EventRecord的具体实例是recorderImpl:

type recorderImpl struct {
	scheme *runtime.Scheme
	source v1.EventSource
	*watch.Broadcaster
	clock clock.Clock
}

EventRecorder 中包含的几个方法都是产生指定格式的 events,Event() 和 Eventf() 的功能类似 fmt.Println() 和 fmt.Printf(),kubelet 中的各个模块会调用 EventRecorder 生成 events。recorderImpl 是 EventRecorder 实际的对象。EventRecorder 的每个方法会调用 generateEvent,在 generateEvent 中初始化 events 。

以下是生成 events 的函数:

func (recorder *recorderImpl) generateEvent(object runtime.Object, annotations map[string]string, timestamp metav1.Time, eventtype, reason, message string) {
	ref, err := ref.GetReference(recorder.scheme, object)
	if err != nil {
		klog.Errorf("Could not construct reference to: '%#v' due to: '%v'. Will not report event: '%v' '%v' '%v'", object, err, eventtype, reason, message)
		return
	}

	if !validateEventType(eventtype) {
		klog.Errorf("Unsupported event type: '%v'", eventtype)
		return
	}

	event := recorder.makeEvent(ref, annotations, eventtype, reason, message)
	event.Source = recorder.source

	go func() {
		// NOTE: events should be a non-blocking operation
		defer utilruntime.HandleCrash()
		recorder.Action(watch.Added, event)
	}()
}

func (recorder *recorderImpl) makeEvent(ref *v1.ObjectReference, annotations map[string]string, eventtype, reason, message string) *v1.Event {
	t := metav1.Time{Time: recorder.clock.Now()}
	namespace := ref.Namespace
	if namespace == "" {
		namespace = metav1.NamespaceDefault
	}
	return &v1.Event{
		ObjectMeta: metav1.ObjectMeta{
			Name:        fmt.Sprintf("%v.%x", ref.Name, t.UnixNano()),
			Namespace:   namespace,
			Annotations: annotations,
		},
		InvolvedObject: *ref,
		Reason:         reason,
		Message:        message,
		FirstTimestamp: t,
		LastTimestamp:  t,
		Count:          1,
		Type:           eventtype,
	}
}

// Action distributes the given event among all watchers.
func (m *Broadcaster) Action(action EventType, obj runtime.Object) {
	m.incoming <- Event{action, obj}
}

初始化完 events 后会调用 recorder.Action() 将 events 发送到 Broadcaster 的事件接收队列中, Action() 是 Broadcaster 中的方法。

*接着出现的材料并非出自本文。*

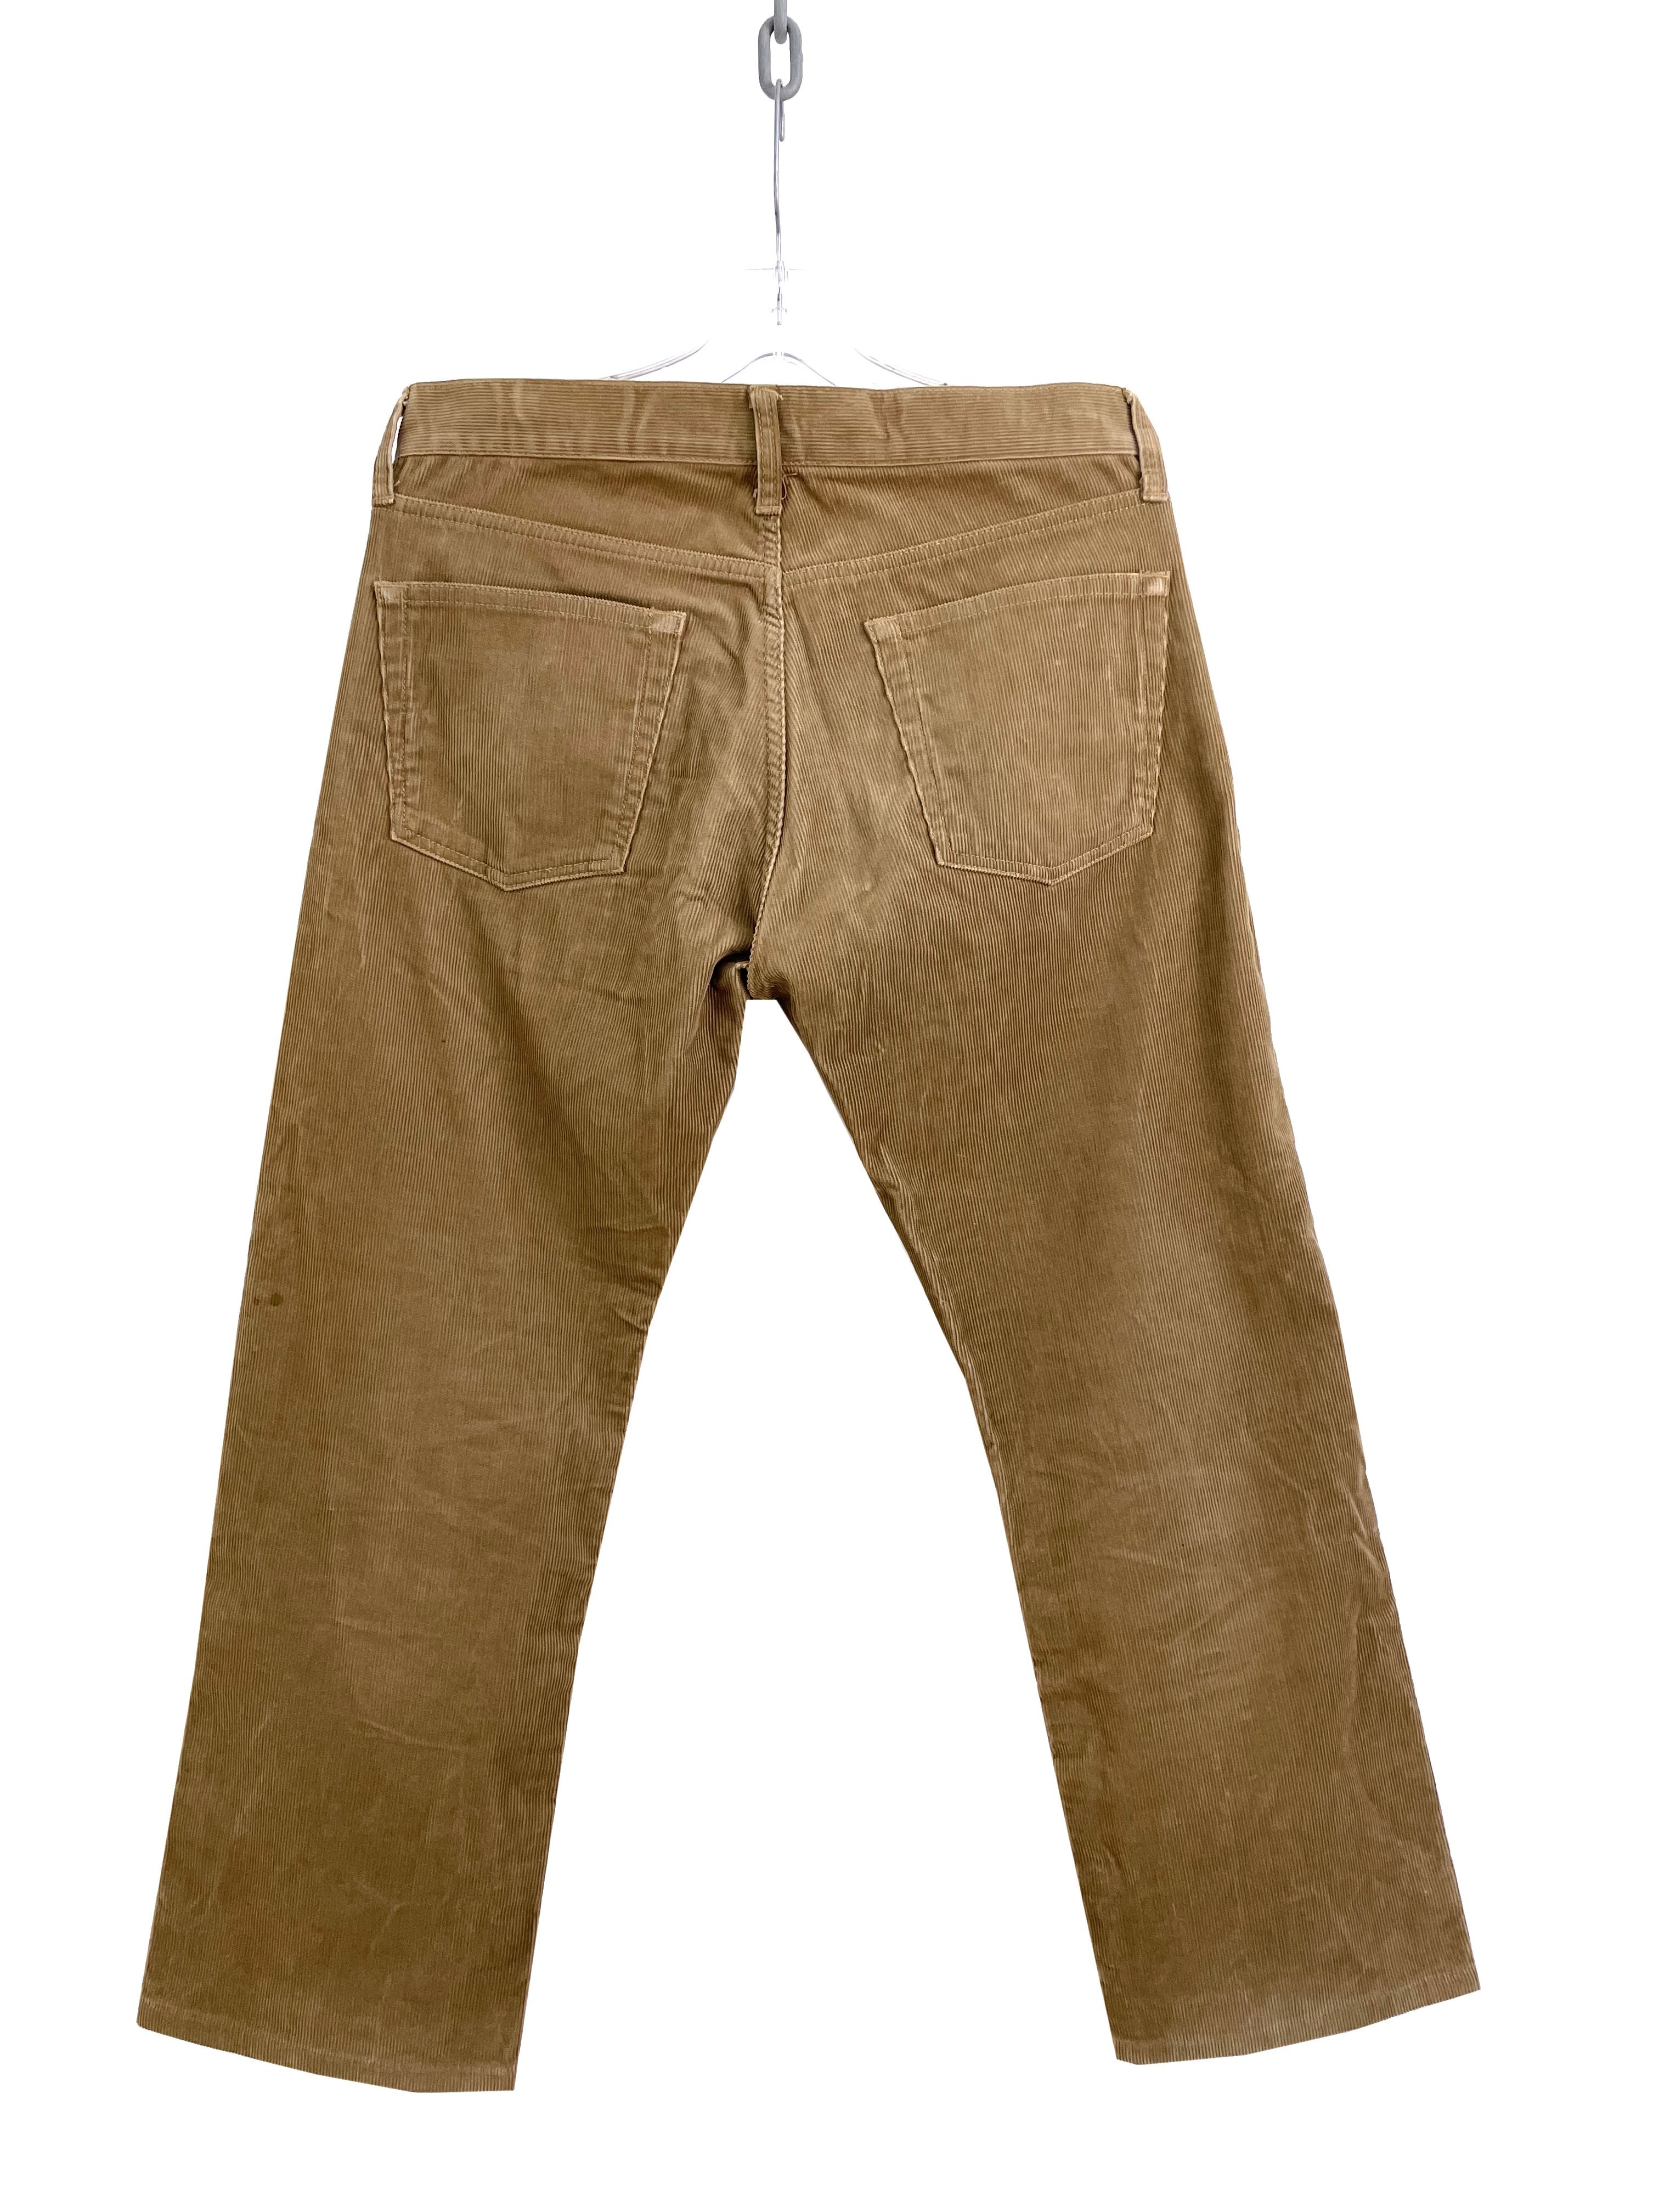 2003 Corduroy Pants - 5

总结起来就是EventRecorder是用来生成一个Event对象,并且写入到管道channel中。

EventBroadcaster 的初始化

events 的整个生命周期都与 EventBroadcaster 有关,kubelet 中对 EventBroadcaster 的初始化在k8s.io/kubernetes/cmd/kubelet/app/server.go中:


func RunKubelet(kubeServer *options.KubeletServer, kubeDeps *kubelet.Dependencies, runOnce bool) error {
  ...
  // event 初始化
  makeEventRecorder(kubeDeps, nodeName)
  ...
}
 
 
func makeEventRecorder(kubeDeps *kubelet.Dependencies, nodeName types.NodeName) {
  if kubeDeps.Recorder != nil {
    return
  }
  // 初始化 EventBroadcaster实例,同时进入loop循环,从Broadcaster中读取管道中的event信息,
  //广播给所有watchers
  eventBroadcaster := record.NewBroadcaster()
  // 初始化 EventRecorder,用于生产Event,
  kubeDeps.Recorder = eventBroadcaster.NewRecorder(legacyscheme.Scheme, v1.EventSource{Component: componentKubelet, Host: string(nodeName)})
  // 记录 events 到本地日志
  eventBroadcaster.StartLogging(glog.V(3).Infof)
  if kubeDeps.EventClient != nil {
    glog.V(4).Infof("Sending events to api server.")
    // 上报 events 到 apiserver
  eventBroadcaster.StartRecordingToSink(&v1core.EventSinkImpl{Interface: kubeDeps.EventClient.Events("")})
  } else {
    glog.Warning("No api server defined - no events will be sent to API server.")
  }
}

Events 的广播

上面已经说了,EventBroadcaster 初始化时会初始化一个 Broadcaster,Broadcaster 的作用就是接收所有的 events 并进行广播,Broadcaster 的实现在 k8s.io/apimachinery/pkg/watch/mux.go 中,Broadcaster 初始化完成后会在后台启动一个 goroutine,然后接收所有从 EventRecorder 发送过来的 events,Broadcaster 中有一个 map 会保存每一个注册的 watcher, 接着将 events 广播给所有的 watcher,每个 watcher 都有一个接收消息的 channel,watcher 可以通过它的 ResultChan() 方法从 channel 中读取数据进行消费。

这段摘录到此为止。